The Busy Buddy is a multi-function tool that proves itself useful to have around the barn.
The following horses and owners were gifted a Busy Buddy and asked to test it out over the course of a month. From clipping overstimulation to a mouthy yearling, here are some ways that horses testing the Busy Buddy made use of it around the barn.
Top Envoy is a 2 year old Thoroughbred gelding that will grab the lead rope and try to bite when he’s being haltered and led. Typical corrections on the racetrack could involve a lip chain, but his owner opted for putting a Busy Buddy on his halter as a permanent feature. Top Envoy accepts it like a bit when his halter is put on and he enjoys chewing and mouthing it, helping him become less mouthy towards his environment. Having the Busy Buddy also helps him stay more relaxed while being handled and decreases the likelihood of him escalating his behavior.

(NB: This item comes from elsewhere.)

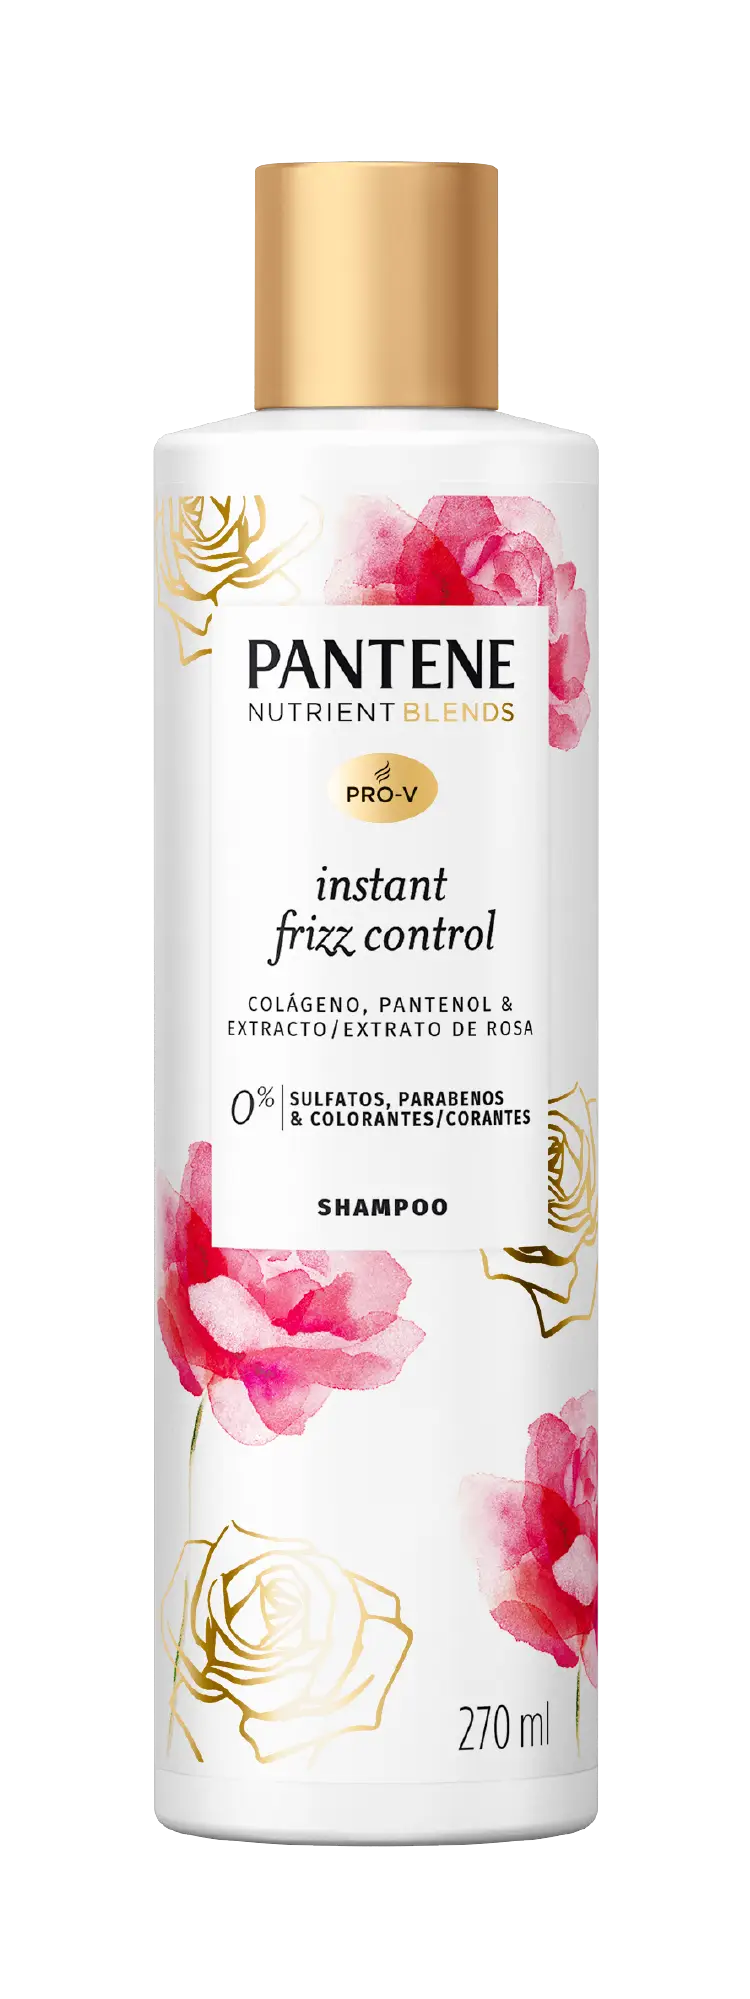 Shampoo Pantene antifrizz com extrato de rosas, colágeno e pantenol, sem sulfatos, sem parabenos e sem corantes.
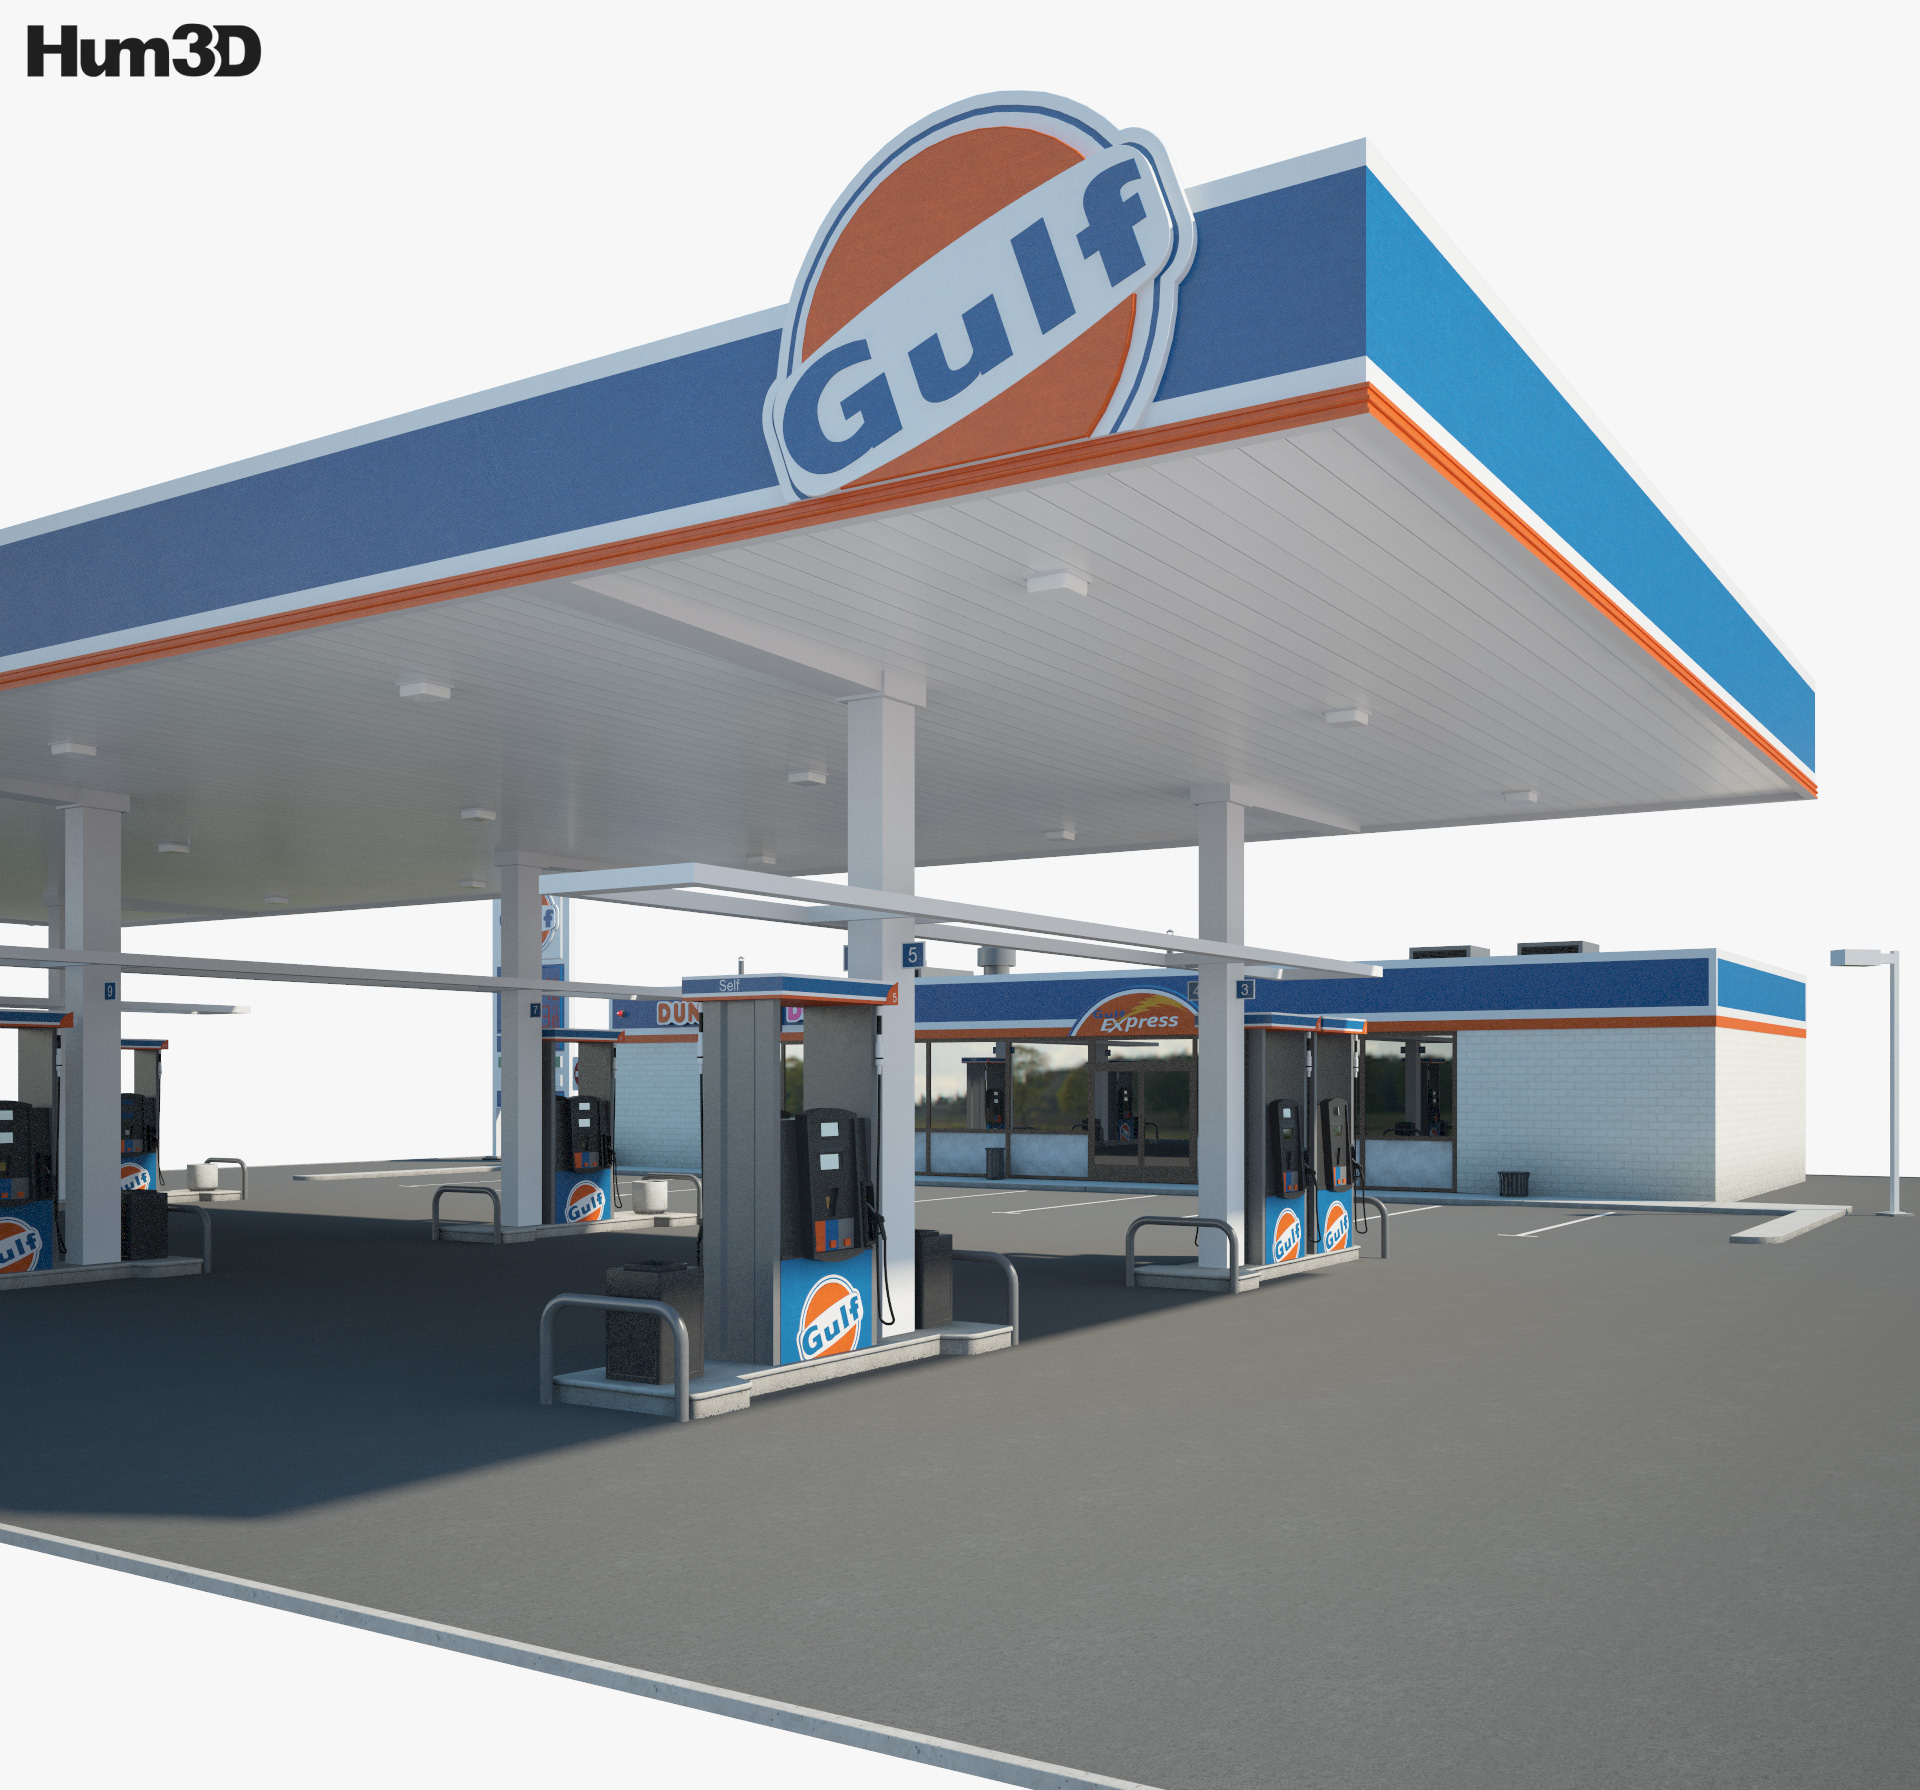 Gulf estación de servicio 001 Modelo 3D

Skippy is a 25 year old Appaloosa/TB gelding that was getting agitated and nervous while his owner was body clipping him. After attempting to distract him with treats and some scratches from a helper, she put the Busy Buddy on in an effort to soothe him. As you can see in the video below, the horse instantly relaxed and stood still for the rest of his clip, without correction or need for a second handler.
Standing for the Farrier
Santiago is a 4 year old OTTB gelding that was recently purchased by his owner. They are in the process of working on manners and he will grab the cross ties and has trouble standing patiently for the farrier. With the addition of the Busy Buddy, his chewing energy was directed towards the latex tubing instead of the lead and cross ties, and he became more compliant with his feet while being shod.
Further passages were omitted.